Monsieur le Président,

Messieurs les Juges,

1.  Par le présent recours, la Commission vous demande de constater que l'Italie a manqué aux obligations à elle imposées par la directive 75/130 du Conseil du 17 février 1975 relative à l'établissement de règles communes pour certains transports combinés rail/route de marchandises entre États membres ( 1 ).

Par ce texte, pris dans le cadre de la politique commune des transports, le législateur communautaire a accordé un traitement préférentiel à un type de transport mixte de marchandises, s'effectuant par la route et le rail. L'objectif poursuivi par la directive 75/130 est de réduire au minimum le parcours routier et de privilégier le parcours ferroviaire en raison du triple avantage escompté: économie d'énergie, allégement de la circulation routière et renforcement de sa sécurité, protection de
l'environnement (deuxième considérant).

A cette fin, alors que le transport de marchandises par route est encore assujetti à un système d'autorisation et à un contingent communautaire, la directive 75/130 prévoit que:

« Chacun des États membres doit libérer de tout régime de contingentement et d'autorisation, au plus tard avant le 1er octobre 1975, les transports combinés visés à l'article 1er» (article 2).

Cependant, cette libéralisation ne concerne que les transports combinés rail/route, c'est-à-dire:

« Les transports routiers de marchandises entre États membres pour lesquels [les véhicules] ... sont acheminés par chemin de fer depuis la gare d'embarquement appropriée la plus proche du point de chargement de la marchandise jusqu'à la gare de débarquement appropriée la plus proche du point de son déchargement » (article 1er, paragraphe 1, premier tiret).

Afin de prévenir les abus, le respect de ces prescriptions est garanti par des mesures de contrôle.

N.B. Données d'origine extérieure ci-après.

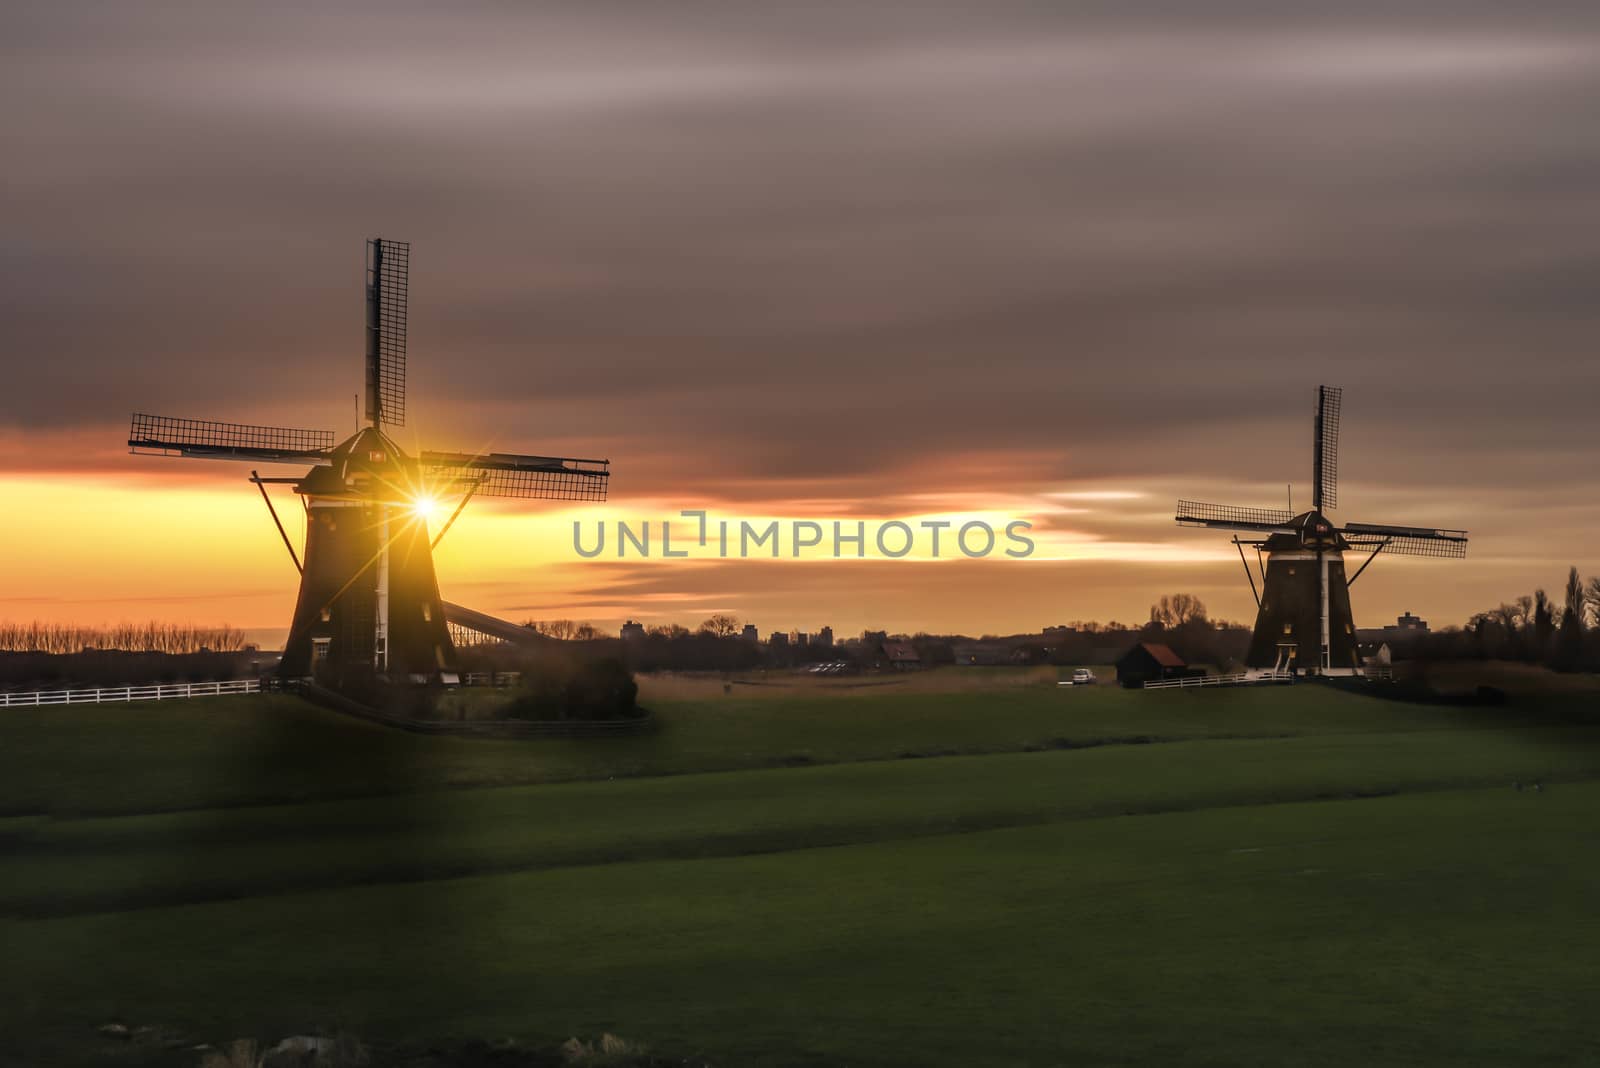 Warm and vibrant sunrise over the Unesco world heritage windmill in Leidschendam, Kinderdijk, Netherlands  by ankorlight

L'article 3 prévoit, en effet, l'obligation pour le transporteur de compléter le document de transport:

« par l'indication des gares d'embarquement et de débarquement relatives au parcours ferroviaire ».

Il est en outre précisé:

« Ces mentions sont apposées avant l'exécution du transport et confirmées par l'apposition d'un cachet des administrations ferroviaires dans les gares en question lorsque la partie du transport qui est effectuée par chemin de fer est terminée. »

2.  Ces dispositions sont au centre d'une divergence d'interprétation qui porte sur la notion de « gare de débarquement appropriée la plus proche » du point du déchargement de la marchandise.

En effet, les autorités italiennes continuent d'assujettir à une autorisation de transport l'entrée en Italie de tous les véhicules acheminés par rail depuis la République fédérale d'Allemagne et débarqués à Lugano, au motif que la directive ne saurait s'appliquer à un transport combiné rail/route dès lors que la gare de débarquement n'est pas située sur le territoire de la Communauté mais dans un État tiers, en l'occurrence la Suisse. Pour la Commission, au contraire, la gare de débarquement
peut être située dans un État tiers dès lors que le lieu de livraison de la marchandise se situe dans un État membre. Relevons au passage qu'il n'est pas contesté qu'en fait Lugano constitue la gare de débarquement la plus proche des localités italiennes situées dans l'extrême nord de cet État, dès lors qu'elle est plus proche de ces localités que celles-ci ne le sont de Milan.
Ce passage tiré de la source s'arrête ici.